• **TASK PROMPT**:
Within the records below, find each line with the word "Sinking" and copy it out.

• **DATA**:

★ ★ ★ ★

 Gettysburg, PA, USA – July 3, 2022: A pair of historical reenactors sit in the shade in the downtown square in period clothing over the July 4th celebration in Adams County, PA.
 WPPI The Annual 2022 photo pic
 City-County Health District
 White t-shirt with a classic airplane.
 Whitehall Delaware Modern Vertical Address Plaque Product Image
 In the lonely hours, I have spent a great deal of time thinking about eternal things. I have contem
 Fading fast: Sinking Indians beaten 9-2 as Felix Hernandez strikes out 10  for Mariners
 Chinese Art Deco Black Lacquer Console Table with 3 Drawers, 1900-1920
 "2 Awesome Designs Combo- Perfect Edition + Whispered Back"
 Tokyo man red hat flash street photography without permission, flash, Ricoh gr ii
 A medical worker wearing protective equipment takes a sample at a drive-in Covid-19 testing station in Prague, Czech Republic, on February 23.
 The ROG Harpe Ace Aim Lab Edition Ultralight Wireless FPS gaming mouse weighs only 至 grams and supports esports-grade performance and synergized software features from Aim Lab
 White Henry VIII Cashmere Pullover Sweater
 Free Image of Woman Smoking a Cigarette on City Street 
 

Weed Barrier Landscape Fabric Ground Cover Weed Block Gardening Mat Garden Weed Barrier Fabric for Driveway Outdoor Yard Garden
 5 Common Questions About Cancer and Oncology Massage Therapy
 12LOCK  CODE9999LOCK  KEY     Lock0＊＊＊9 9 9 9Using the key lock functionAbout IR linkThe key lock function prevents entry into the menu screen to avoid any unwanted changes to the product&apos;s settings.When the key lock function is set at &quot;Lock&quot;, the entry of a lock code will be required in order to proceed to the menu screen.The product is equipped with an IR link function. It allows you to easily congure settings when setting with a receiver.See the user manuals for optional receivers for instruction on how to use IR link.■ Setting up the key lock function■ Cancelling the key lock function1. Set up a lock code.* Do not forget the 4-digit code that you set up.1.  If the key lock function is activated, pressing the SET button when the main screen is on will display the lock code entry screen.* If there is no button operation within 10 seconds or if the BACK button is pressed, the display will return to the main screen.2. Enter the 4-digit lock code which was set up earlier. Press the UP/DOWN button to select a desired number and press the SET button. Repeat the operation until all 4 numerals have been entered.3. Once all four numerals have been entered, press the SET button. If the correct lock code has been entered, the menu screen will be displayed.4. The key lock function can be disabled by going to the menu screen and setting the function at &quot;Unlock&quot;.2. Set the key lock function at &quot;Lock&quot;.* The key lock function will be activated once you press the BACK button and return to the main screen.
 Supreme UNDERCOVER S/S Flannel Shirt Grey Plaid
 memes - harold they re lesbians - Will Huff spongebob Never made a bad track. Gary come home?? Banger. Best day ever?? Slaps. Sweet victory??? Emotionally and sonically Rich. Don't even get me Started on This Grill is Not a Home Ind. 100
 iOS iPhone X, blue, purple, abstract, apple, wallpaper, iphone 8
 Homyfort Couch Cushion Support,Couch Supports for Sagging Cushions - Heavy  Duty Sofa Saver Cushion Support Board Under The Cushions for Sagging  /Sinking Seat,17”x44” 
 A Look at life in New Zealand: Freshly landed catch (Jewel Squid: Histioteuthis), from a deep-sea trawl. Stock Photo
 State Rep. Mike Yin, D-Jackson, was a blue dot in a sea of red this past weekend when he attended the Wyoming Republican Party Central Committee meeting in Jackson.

★ ★ ★ ★

• **REPLY TO THE TASK**:
 Fading fast: Sinking Indians beaten 9-2 as Felix Hernandez strikes out 10  for Mariners
 Homyfort Couch Cushion Support,Couch Supports for Sagging Cushions - Heavy  Duty Sofa Saver Cushion Support Board Under The Cushions for Sagging  /Sinking Seat,17”x44” 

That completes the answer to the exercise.